= John Abbey (producer) =

British record label owner and producer

John Ernest Abbey (born 8 July 1945) is a British-born record label owner, record producer, music agent and writer, who has been based in the United States since the 1970s.

==Biography==
He was born in London. In 1966 he founded the magazine initially called Home of the Blues, but soon renamed as Blues & Soul. The magazine became the leading black music journal in the UK, and Abbey remained its editor until the late 1970s.

Abbey founded music label Action Records in London in 1968, and specialist soul music label Contempo Records in 1973. 57 singles and 12 LP's were issued as Action Records. Contempo Records also operated as a small speciality record store from its headquarters at 42 Hanway Street in central London, which became known as an early source of American soul music for British customers.

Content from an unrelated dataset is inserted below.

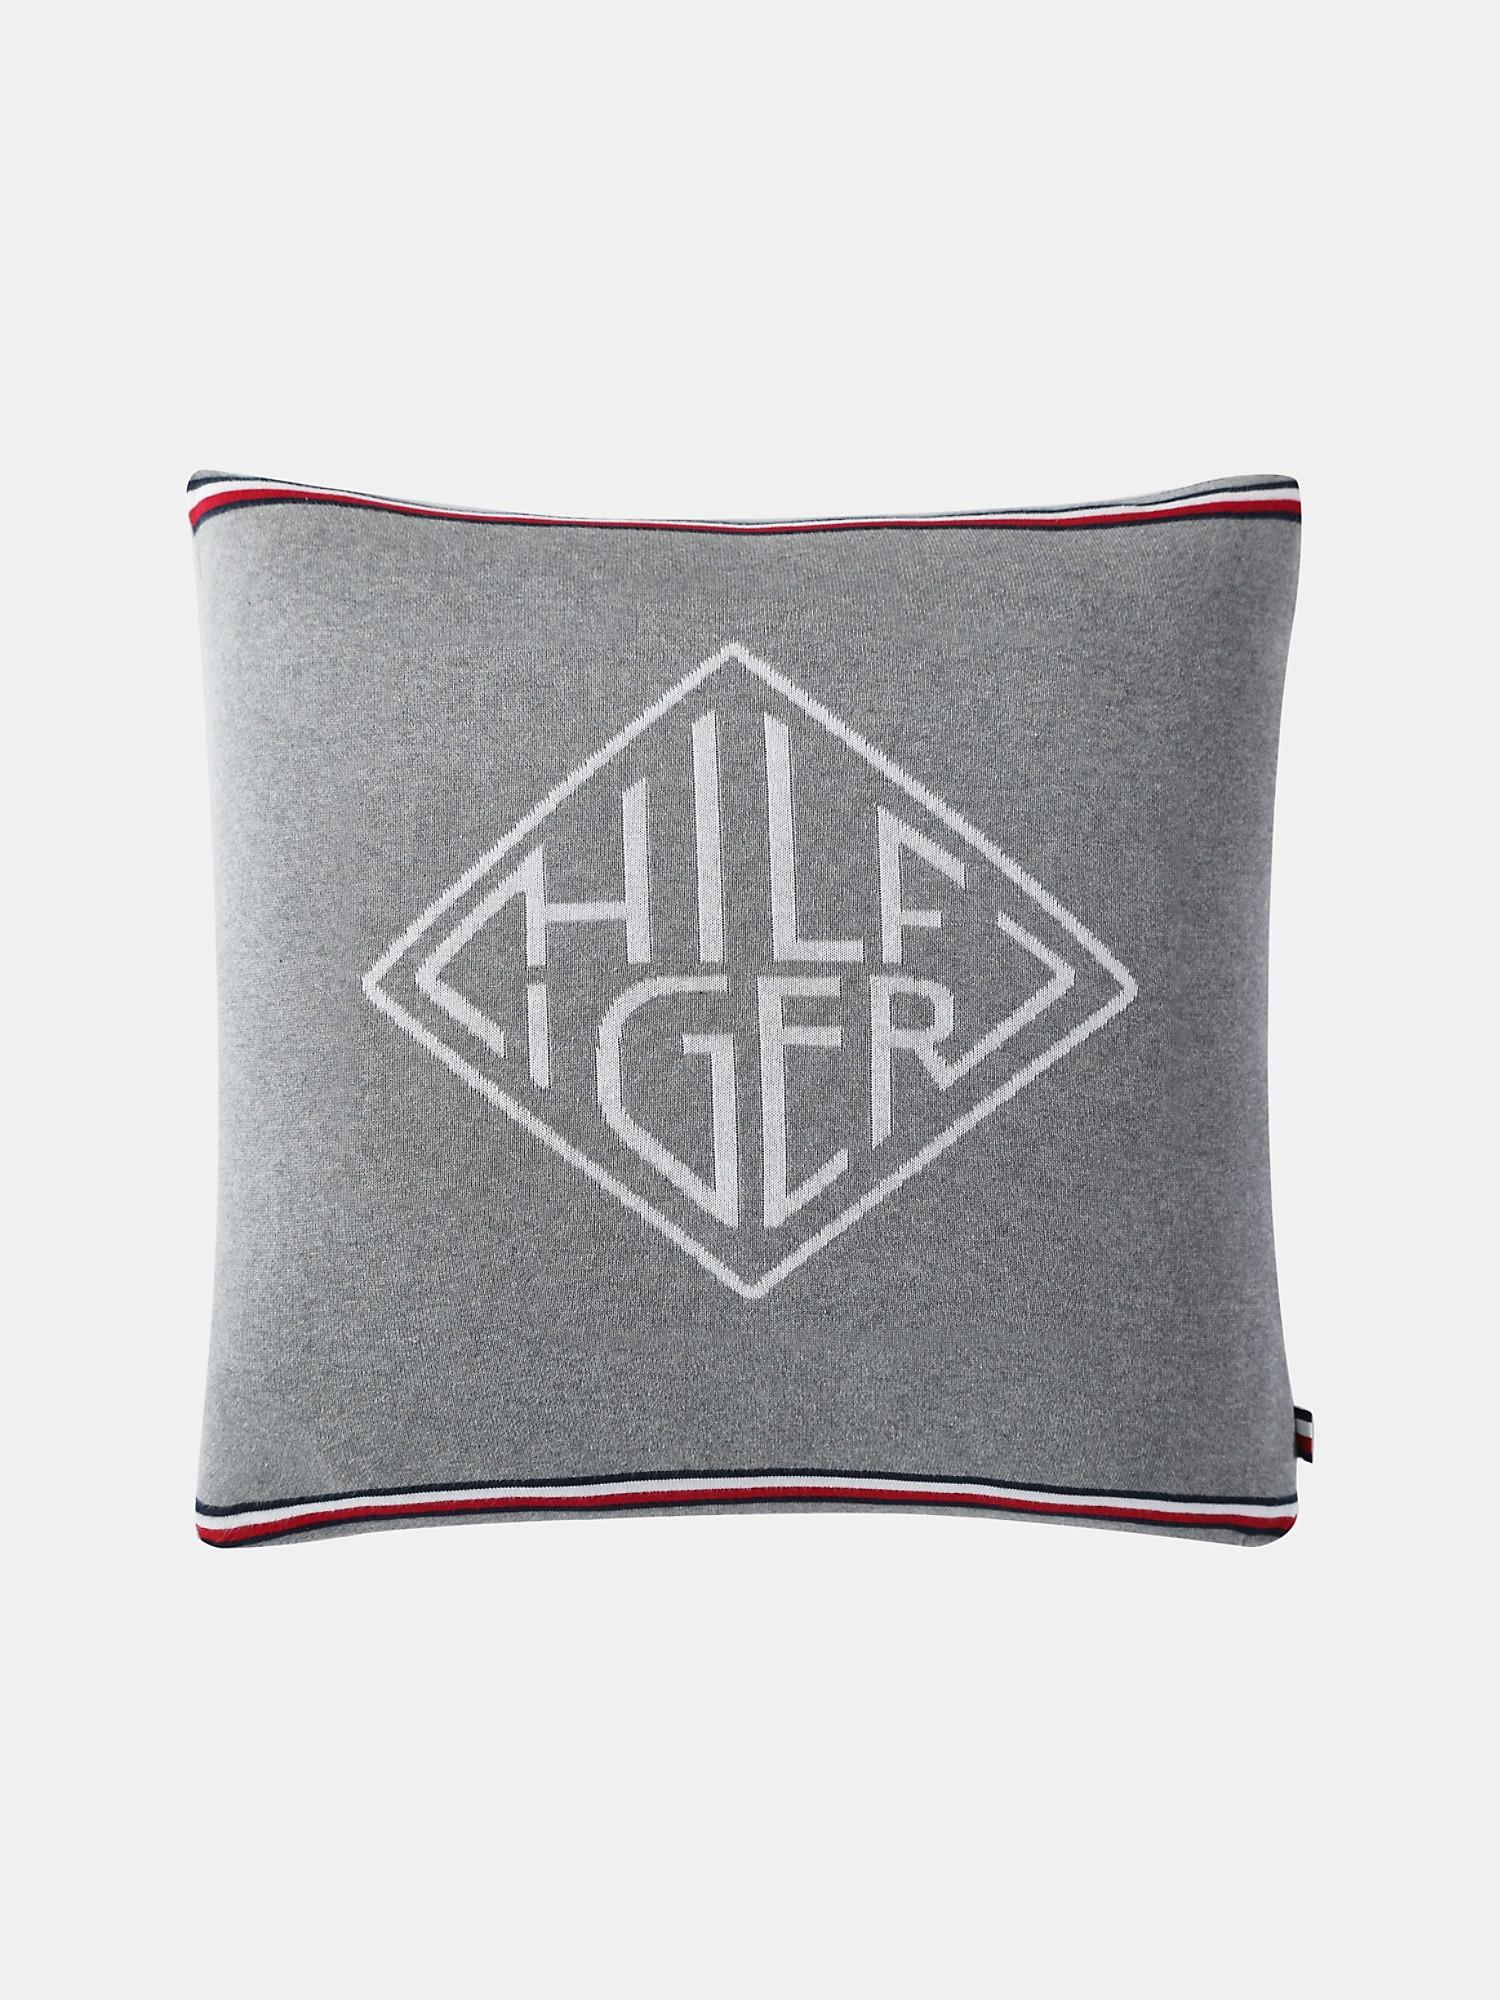 TOMMY HILFIGER Hilfiger Monogram Decorative Pillow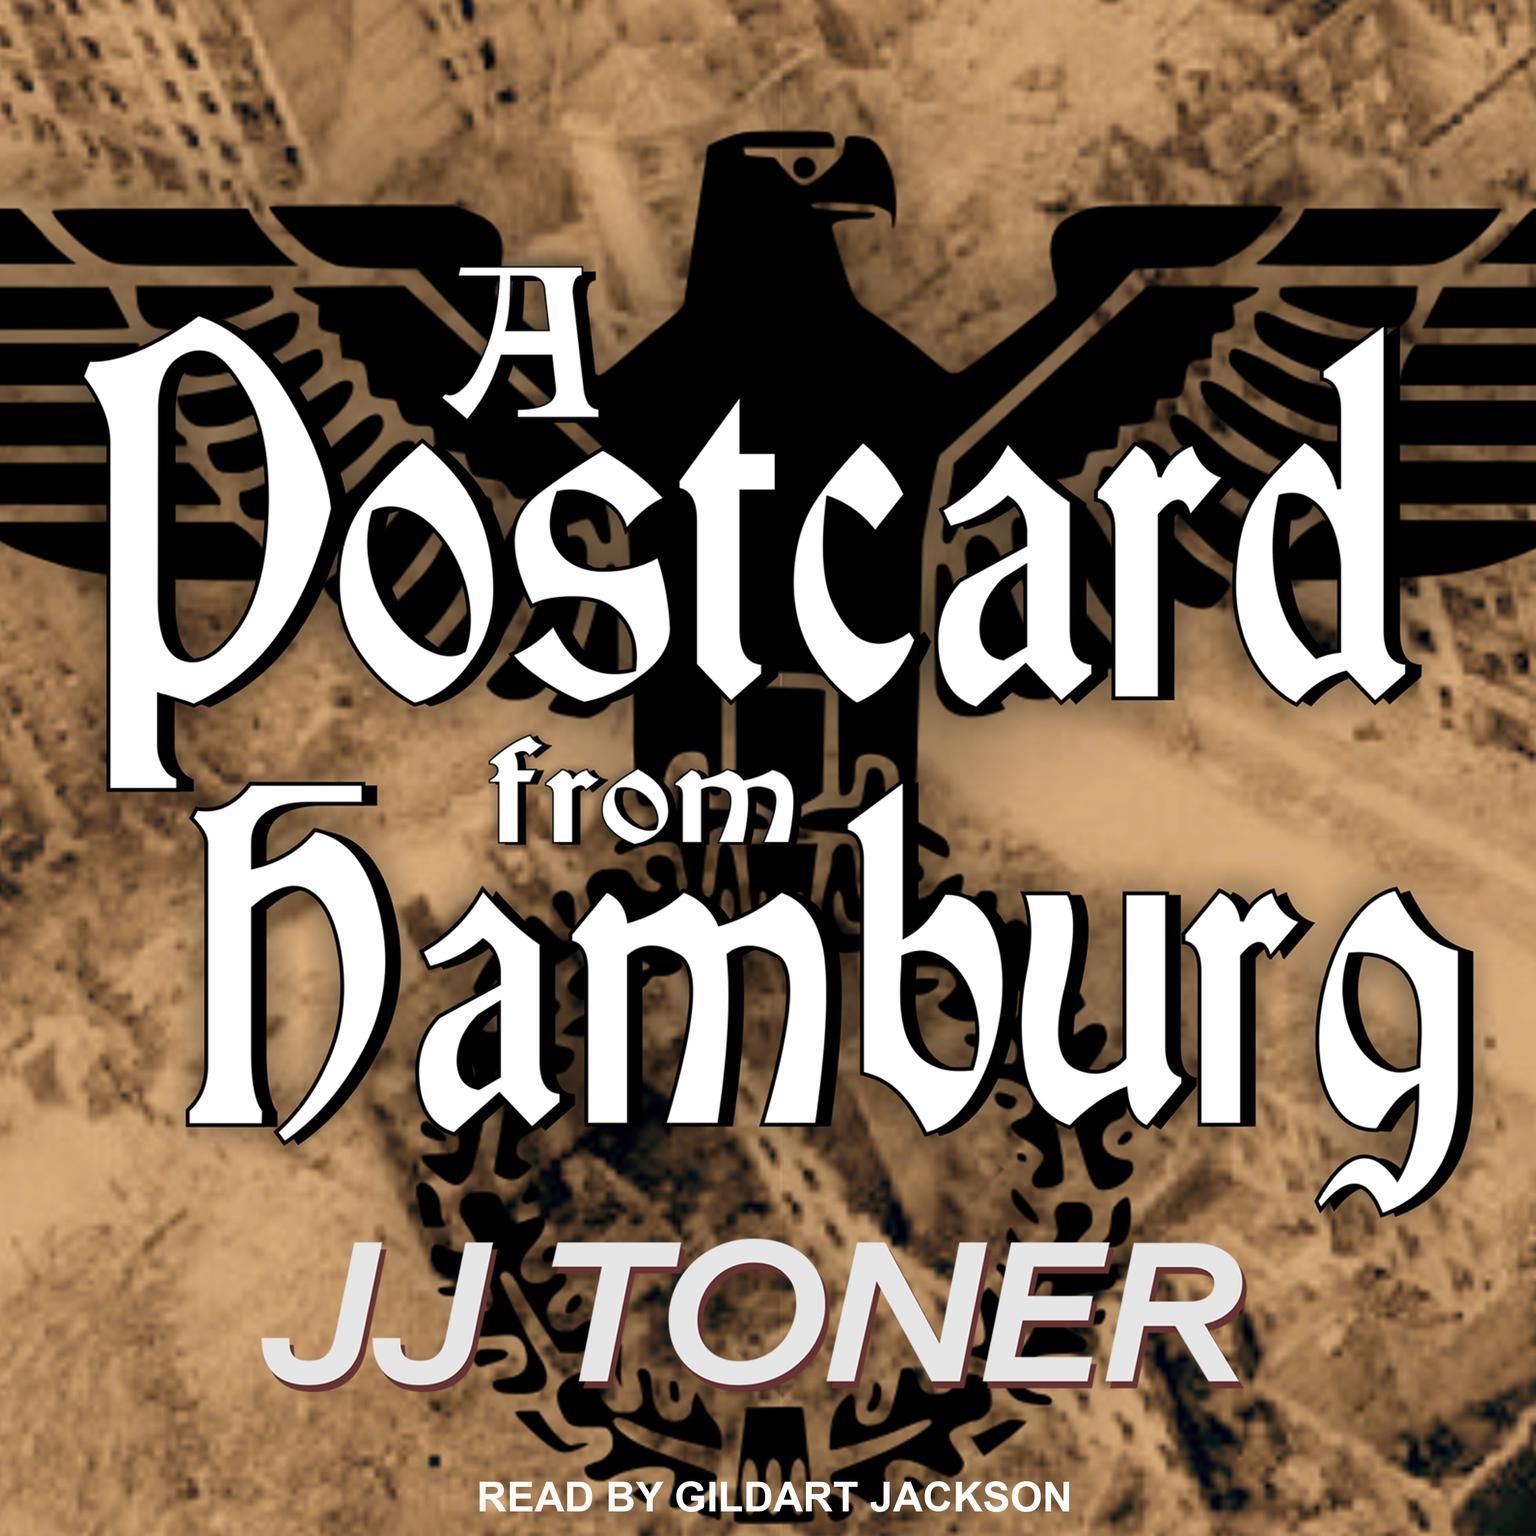 A Postcard from Hamburg: A WW2 Spy Thriller Audiobook, by JJ Toner

Both labels licensed R&B recordings from independent US labels for release in the UK. Contempo had hits with Tami Lynn's "I'm Gonna Run Away From You", and Dorothy Moore's "Misty Blue" and "Funny How Time Slips Away".

Abbey also worked as European A&R and promotions manager for Atlantic and Stax Records, promoting such artists as Aretha Franklin, Isaac Hayes and the Staple Singers to British and European audiences.

He married singer Tamiko Jones in 1977, and moved to Atlanta, Georgia, in 1978. He set up international tours for musicians including Curtis Mayfield and Clarence Carter. Abbey and Jones later divorced, and Abbey married Nina Easton, who had worked for CBS in Scandinavia. The pair established Ichiban Records in Atlanta in 1985, with a roster that expanded from soul music into blues, gospel, rock and hip-hop. Ichiban closed in the late 1990s.

After closing Ichiban Records, Abbey focused on arranging tours and promoting music to international audiences. He worked with a Japanese company to bring American artists such as Ben E. King to Japan. He also studied accounting and law. Abbey later managed The Three Degrees. In 2015, he was appointed CEO of Connor Ray Music, based in Houston, Texas, responsible for artists including Trudy Lynn.